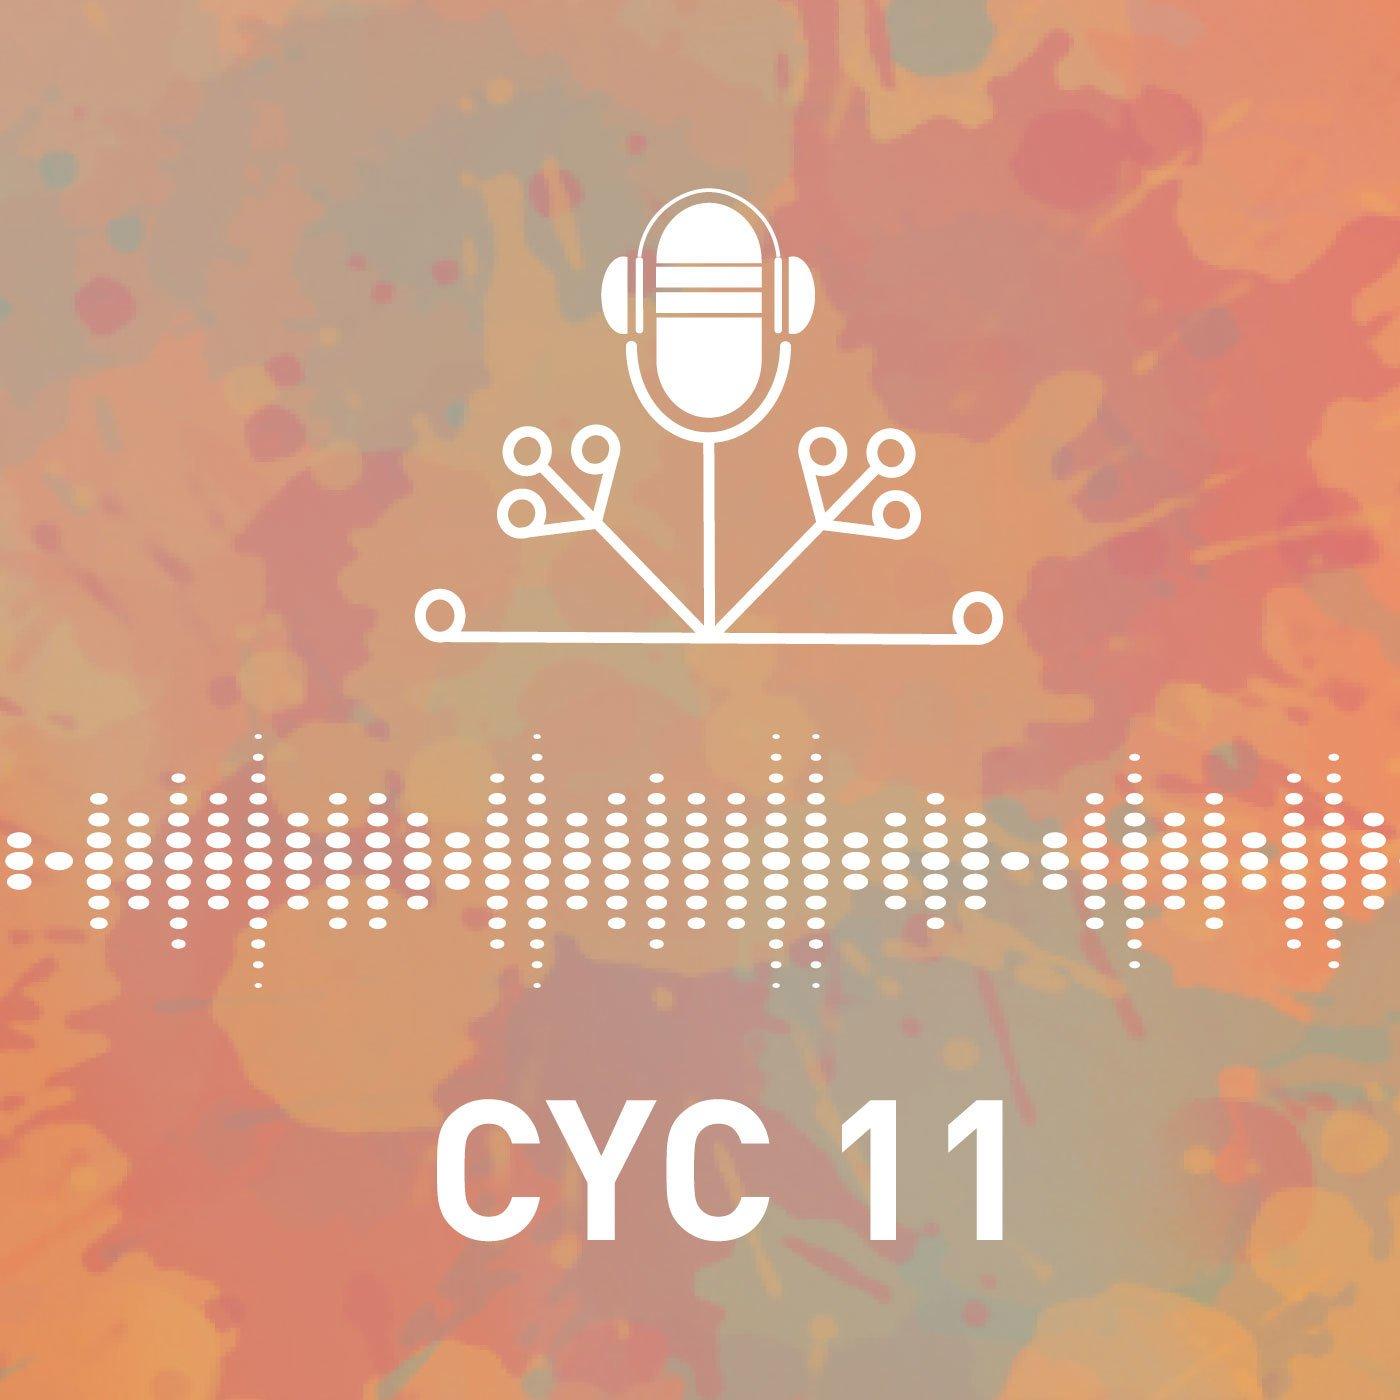 cyc 11
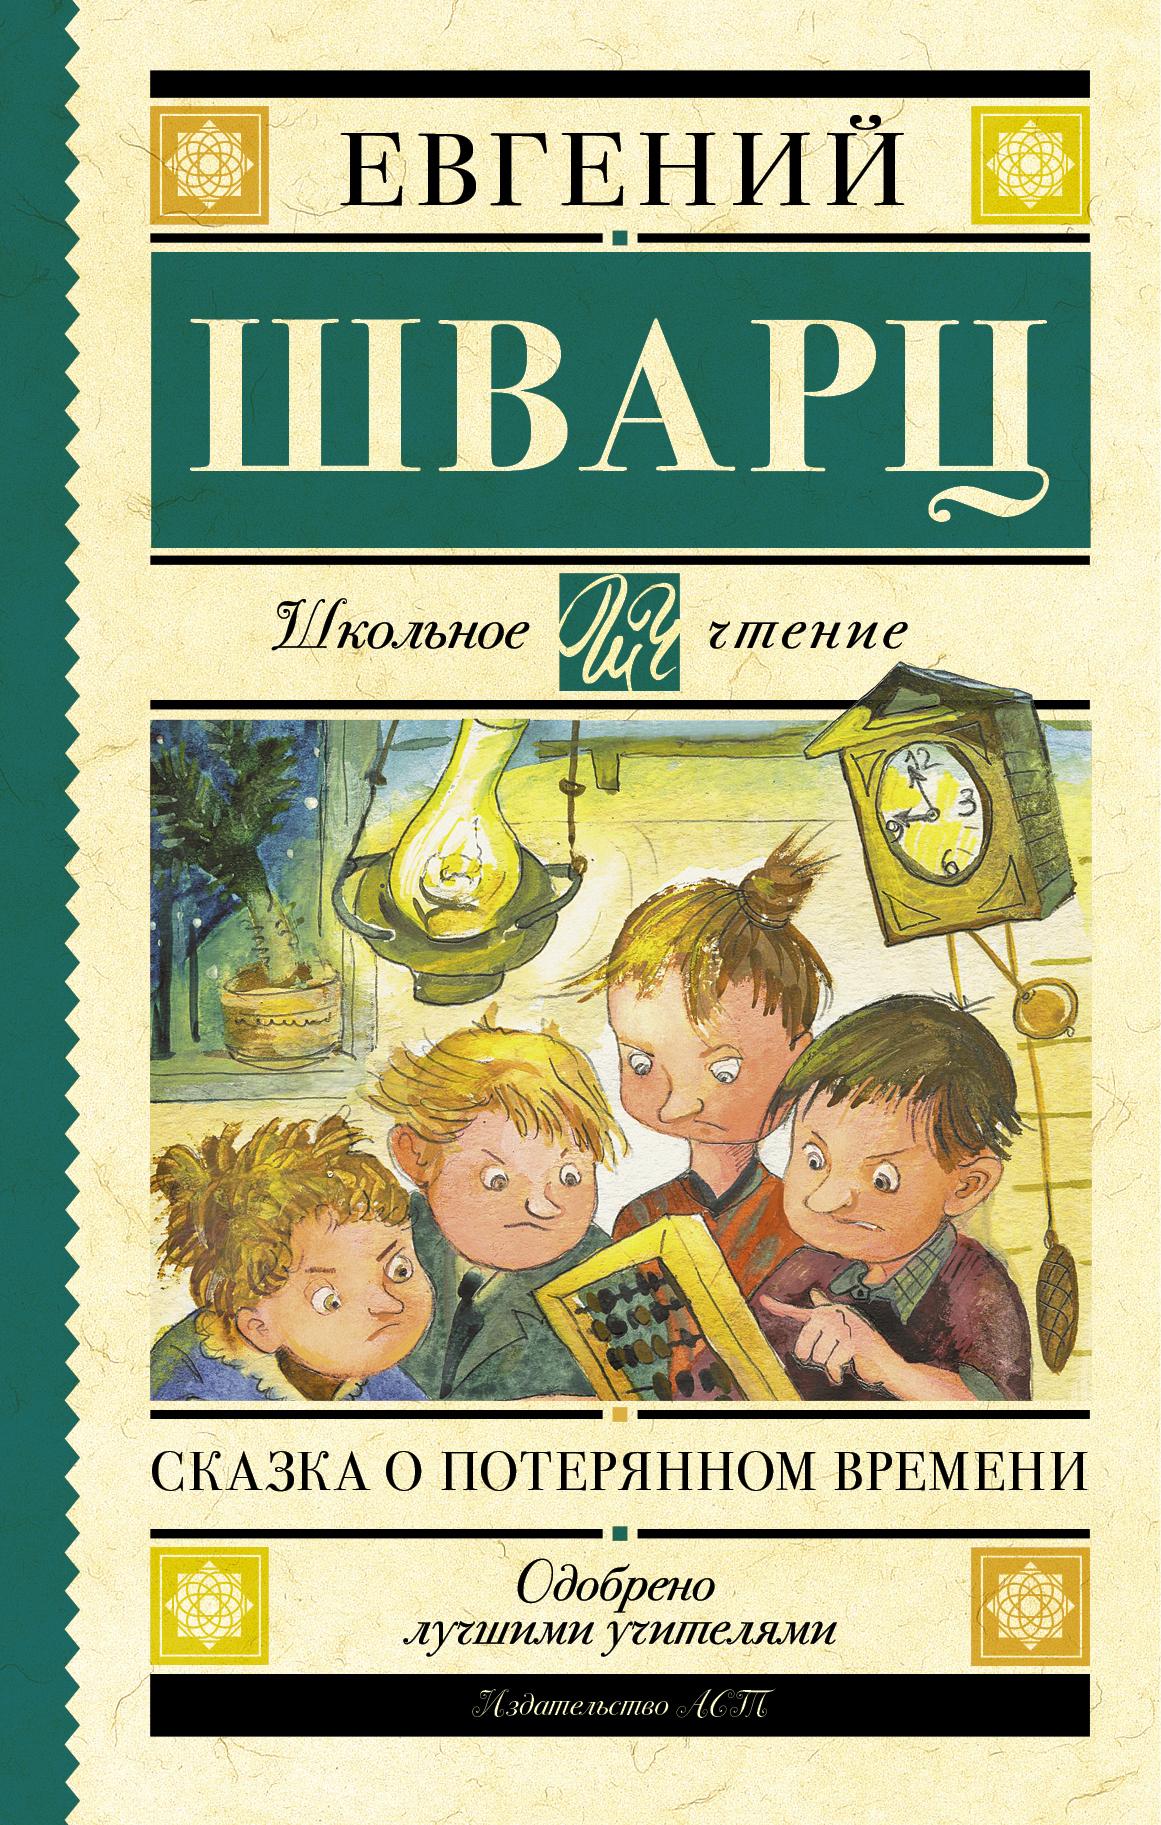 Астафьев сказка стрижонок скрип читать
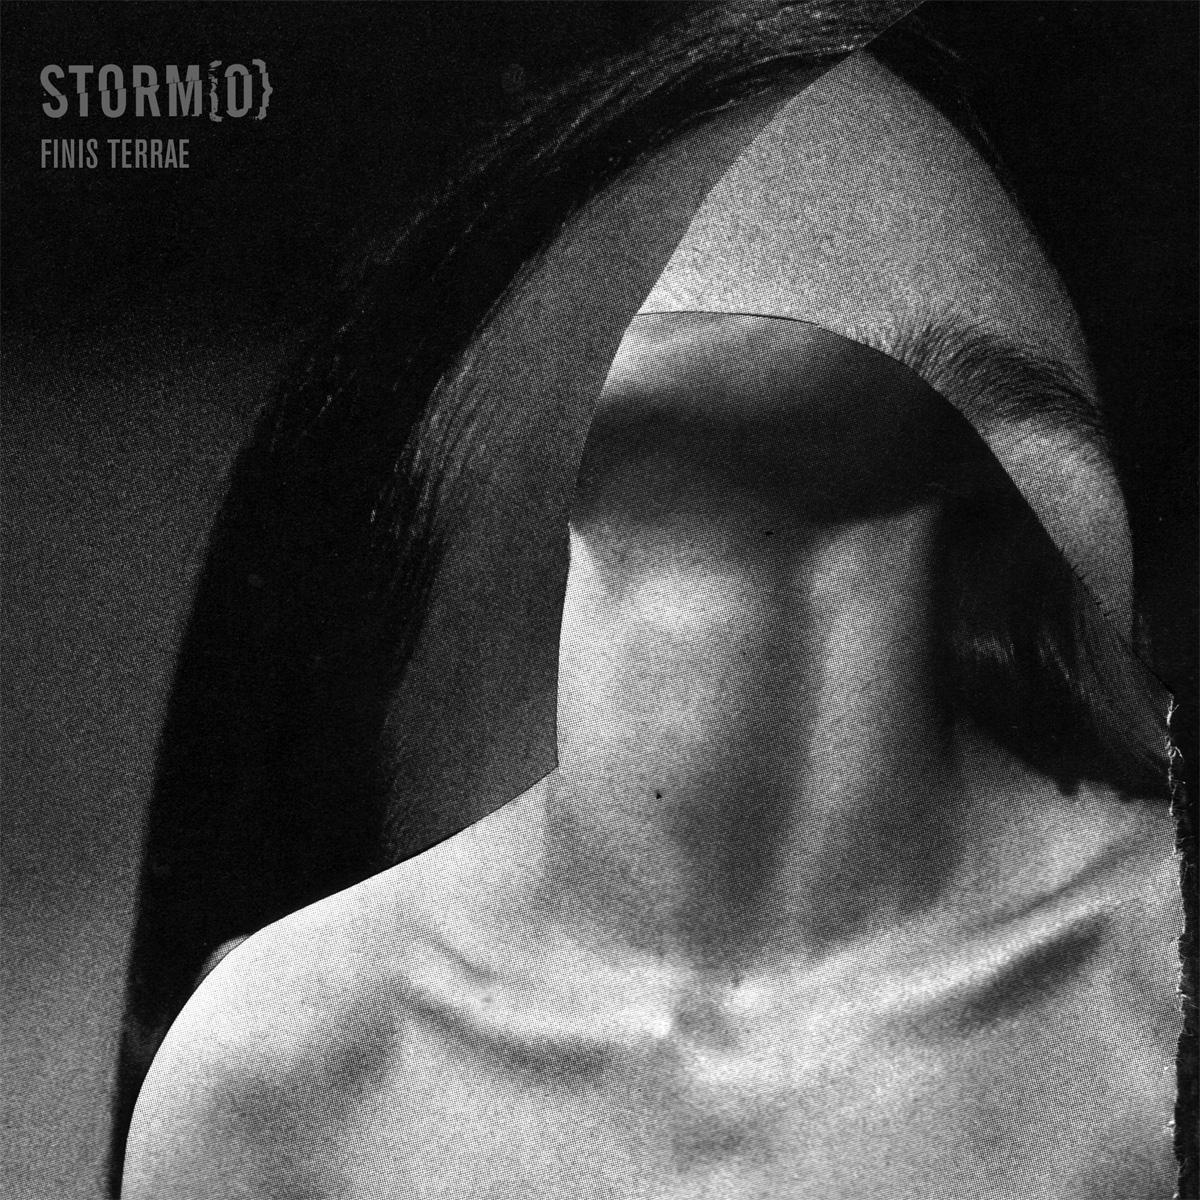 Storm{o} - Finis Terrae CD/LP
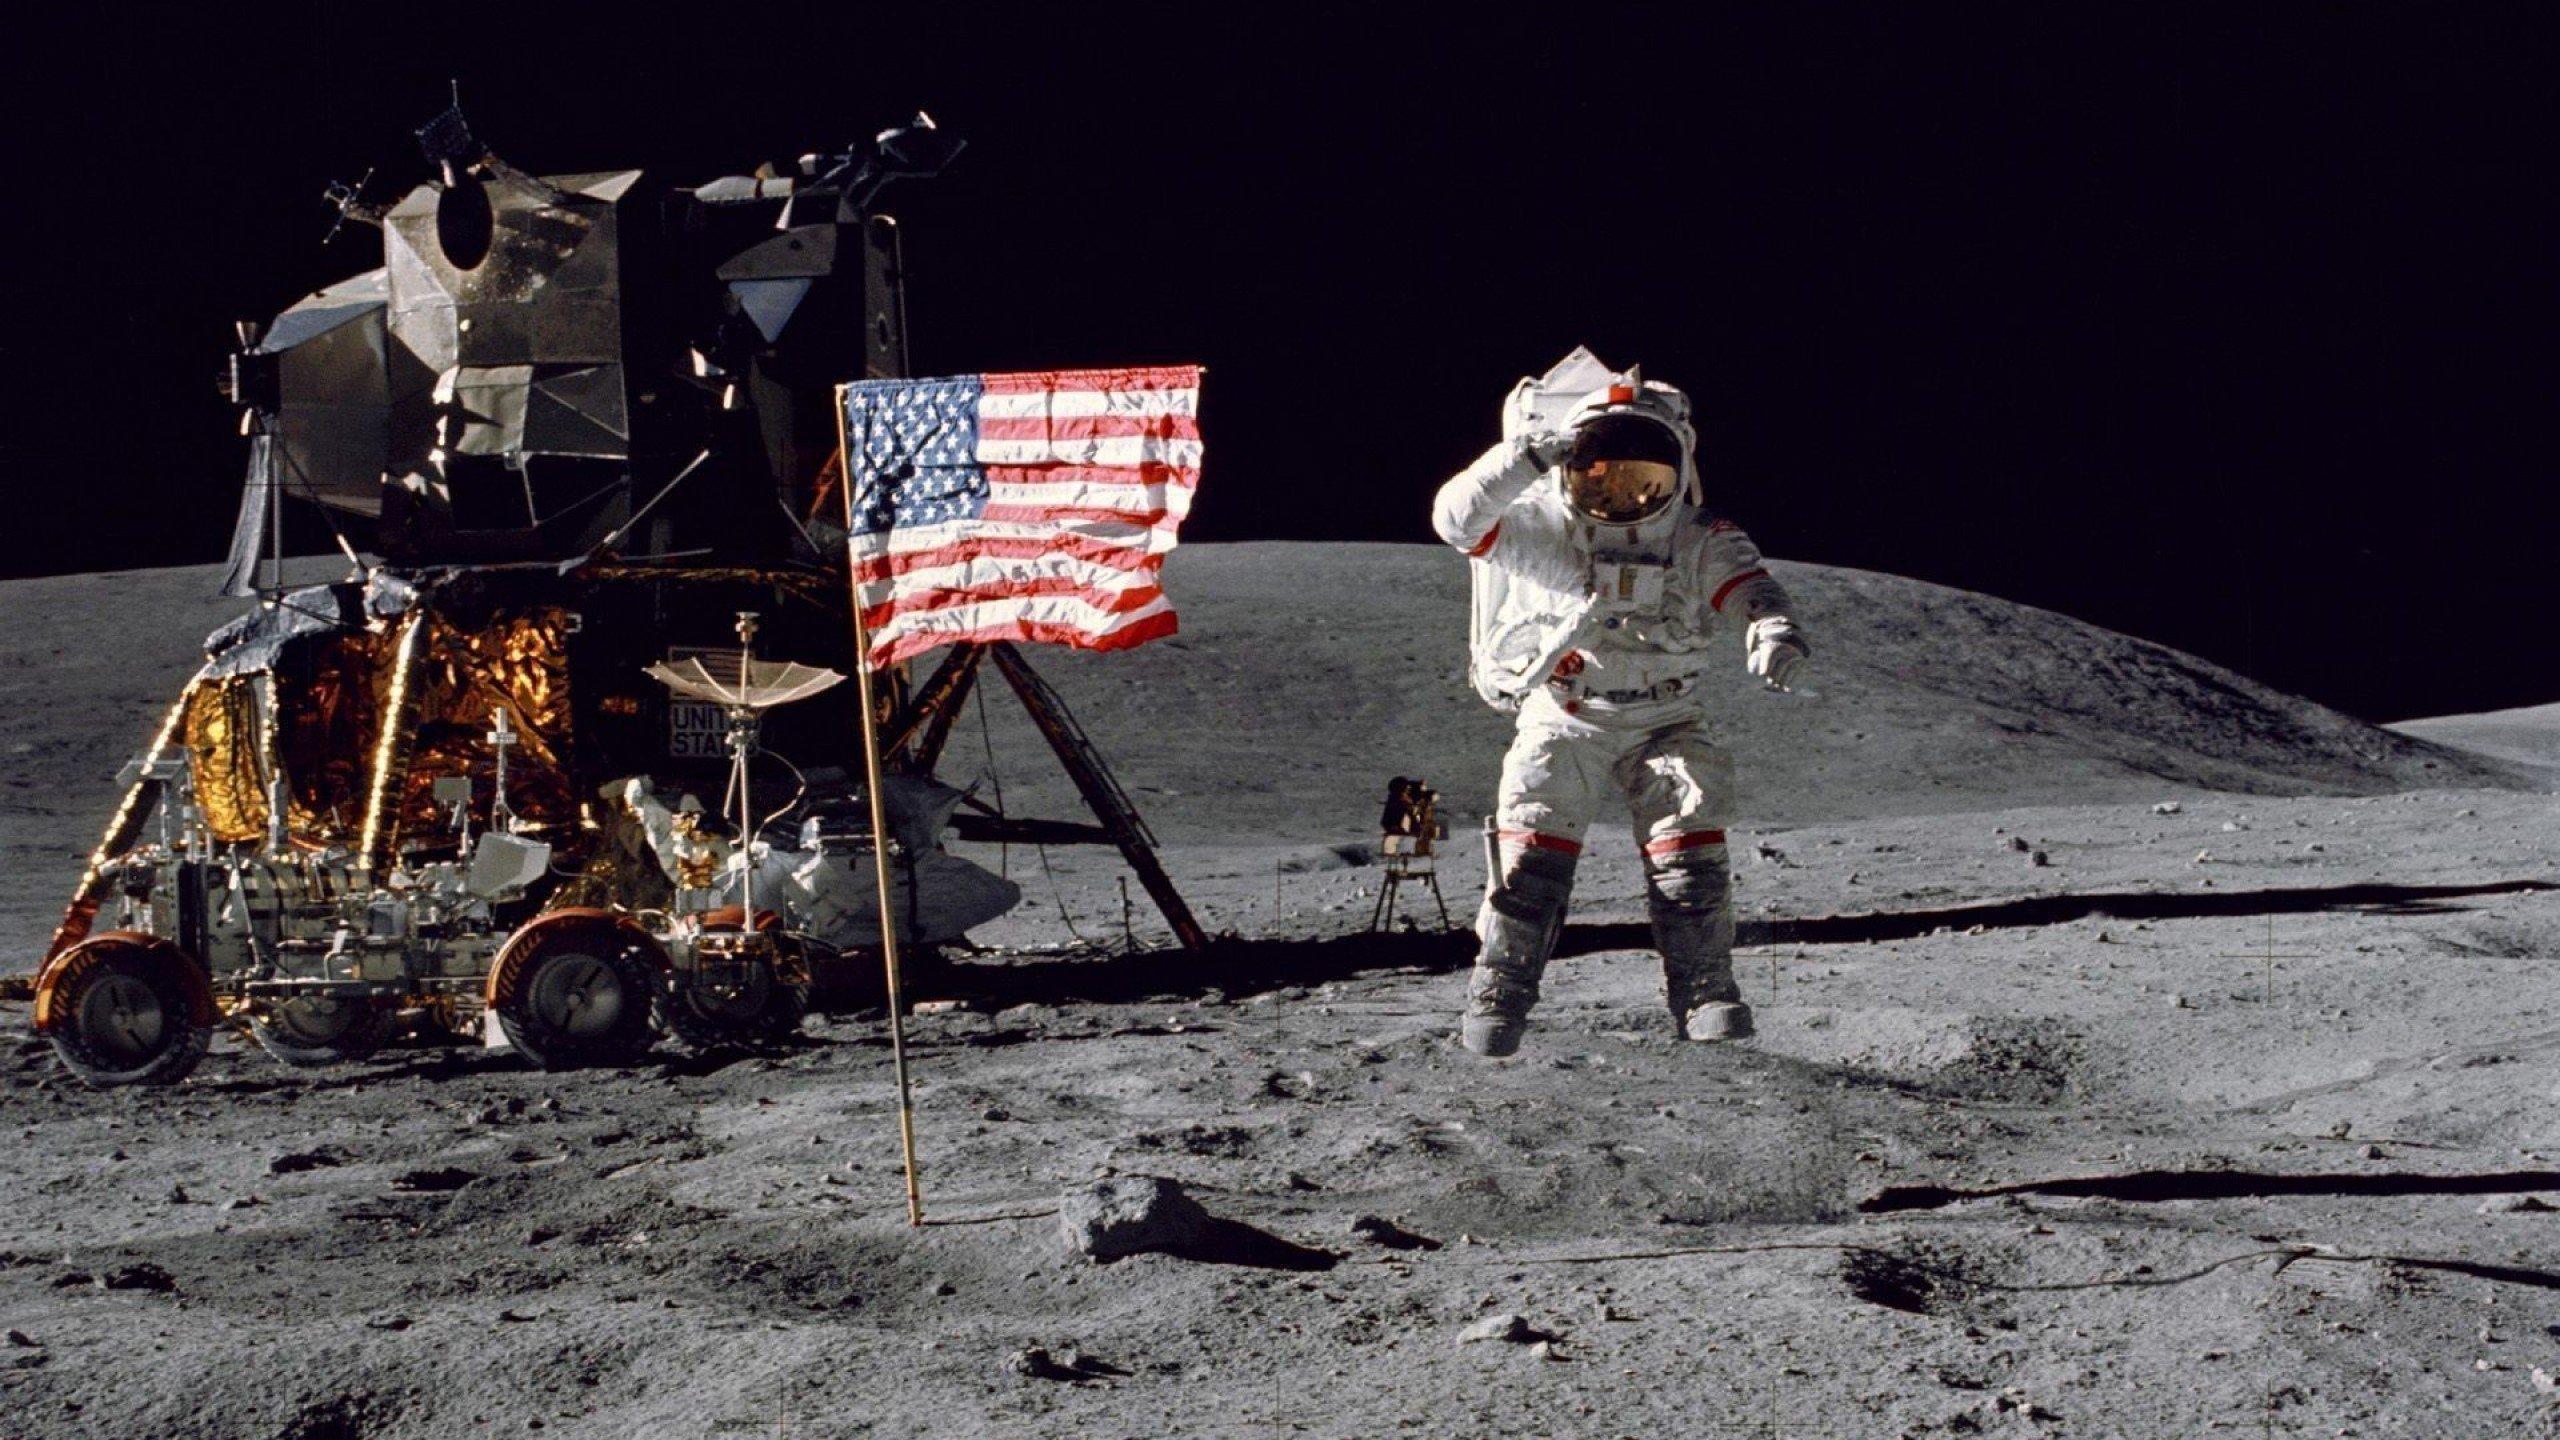 nasa astronauts on the moon - photo #6

### [What to produce]
The listing is to be repeated word for word, with all pictures omitted.

### [Answer space]
 cyc 11
 Астафьев сказка стрижонок скрип читать
 Storm{o} - Finis Terrae CD/LP
 nasa astronauts on the moon - photo #6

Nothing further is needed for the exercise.